(Source data)
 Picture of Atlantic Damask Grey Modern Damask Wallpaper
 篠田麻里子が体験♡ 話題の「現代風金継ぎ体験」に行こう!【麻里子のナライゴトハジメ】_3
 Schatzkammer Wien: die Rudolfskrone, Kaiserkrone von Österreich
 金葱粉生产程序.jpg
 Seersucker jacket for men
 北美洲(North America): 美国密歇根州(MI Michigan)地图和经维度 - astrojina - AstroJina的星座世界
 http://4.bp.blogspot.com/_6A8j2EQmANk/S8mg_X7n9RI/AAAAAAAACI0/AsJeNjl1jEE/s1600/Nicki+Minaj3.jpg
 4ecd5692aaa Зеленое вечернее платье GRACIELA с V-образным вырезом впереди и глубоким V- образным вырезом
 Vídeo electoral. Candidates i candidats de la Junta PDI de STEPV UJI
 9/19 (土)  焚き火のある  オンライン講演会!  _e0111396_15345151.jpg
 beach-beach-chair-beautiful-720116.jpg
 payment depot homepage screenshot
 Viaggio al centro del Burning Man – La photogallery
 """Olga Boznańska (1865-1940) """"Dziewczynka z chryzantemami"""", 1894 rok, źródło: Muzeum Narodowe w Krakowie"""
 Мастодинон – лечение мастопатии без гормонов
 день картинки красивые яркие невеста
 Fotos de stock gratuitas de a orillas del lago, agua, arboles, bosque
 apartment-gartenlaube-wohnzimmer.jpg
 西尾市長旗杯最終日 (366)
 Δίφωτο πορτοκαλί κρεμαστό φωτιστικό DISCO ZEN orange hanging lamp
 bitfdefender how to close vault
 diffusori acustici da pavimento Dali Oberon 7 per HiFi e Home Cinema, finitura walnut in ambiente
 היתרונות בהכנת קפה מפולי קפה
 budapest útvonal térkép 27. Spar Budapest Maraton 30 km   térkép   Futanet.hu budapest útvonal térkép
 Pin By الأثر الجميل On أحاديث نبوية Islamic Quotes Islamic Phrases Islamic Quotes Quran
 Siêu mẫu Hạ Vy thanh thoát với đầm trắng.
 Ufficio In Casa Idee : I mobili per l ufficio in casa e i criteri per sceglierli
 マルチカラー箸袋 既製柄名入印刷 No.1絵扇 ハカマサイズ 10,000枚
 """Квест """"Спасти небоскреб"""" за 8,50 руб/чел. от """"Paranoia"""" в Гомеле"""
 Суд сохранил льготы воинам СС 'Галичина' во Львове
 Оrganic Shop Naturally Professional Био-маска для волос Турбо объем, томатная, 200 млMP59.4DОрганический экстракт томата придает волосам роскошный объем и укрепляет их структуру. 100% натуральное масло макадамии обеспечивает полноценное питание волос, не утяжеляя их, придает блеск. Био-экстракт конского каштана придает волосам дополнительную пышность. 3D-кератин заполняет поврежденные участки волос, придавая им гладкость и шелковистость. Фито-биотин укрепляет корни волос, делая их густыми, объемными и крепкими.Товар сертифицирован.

Task to complete: The lines from the start of the entries above through the line containing "Суд сохранил льготы" are the ones to return, please; copy them exactly and include both ends.

Solution for this exercise:
 Picture of Atlantic Damask Grey Modern Damask Wallpaper
 篠田麻里子が体験♡ 話題の「現代風金継ぎ体験」に行こう!【麻里子のナライゴトハジメ】_3
 Schatzkammer Wien: die Rudolfskrone, Kaiserkrone von Österreich
 金葱粉生产程序.jpg
 Seersucker jacket for men
 北美洲(North America): 美国密歇根州(MI Michigan)地图和经维度 - astrojina - AstroJina的星座世界
 http://4.bp.blogspot.com/_6A8j2EQmANk/S8mg_X7n9RI/AAAAAAAACI0/AsJeNjl1jEE/s1600/Nicki+Minaj3.jpg
 4ecd5692aaa Зеленое вечернее платье GRACIELA с V-образным вырезом впереди и глубоким V- образным вырезом
 Vídeo electoral. Candidates i candidats de la Junta PDI de STEPV UJI
 9/19 (土)  焚き火のある  オンライン講演会!  _e0111396_15345151.jpg
 beach-beach-chair-beautiful-720116.jpg
 payment depot homepage screenshot
 Viaggio al centro del Burning Man – La photogallery
 """Olga Boznańska (1865-1940) """"Dziewczynka z chryzantemami"""", 1894 rok, źródło: Muzeum Narodowe w Krakowie"""
 Мастодинон – лечение мастопатии без гормонов
 день картинки красивые яркие невеста
 Fotos de stock gratuitas de a orillas del lago, agua, arboles, bosque
 apartment-gartenlaube-wohnzimmer.jpg
 西尾市長旗杯最終日 (366)
 Δίφωτο πορτοκαλί κρεμαστό φωτιστικό DISCO ZEN orange hanging lamp
 bitfdefender how to close vault
 diffusori acustici da pavimento Dali Oberon 7 per HiFi e Home Cinema, finitura walnut in ambiente
 היתרונות בהכנת קפה מפולי קפה
 budapest útvonal térkép 27. Spar Budapest Maraton 30 km   térkép   Futanet.hu budapest útvonal térkép
 Pin By الأثر الجميل On أحاديث نبوية Islamic Quotes Islamic Phrases Islamic Quotes Quran
 Siêu mẫu Hạ Vy thanh thoát với đầm trắng.
 Ufficio In Casa Idee : I mobili per l ufficio in casa e i criteri per sceglierli
 マルチカラー箸袋 既製柄名入印刷 No.1絵扇 ハカマサイズ 10,000枚
 """Квест """"Спасти небоскреб"""" за 8,50 руб/чел. от """"Paranoia"""" в Гомеле"""
 Суд сохранил льготы воинам СС 'Галичина' во Львове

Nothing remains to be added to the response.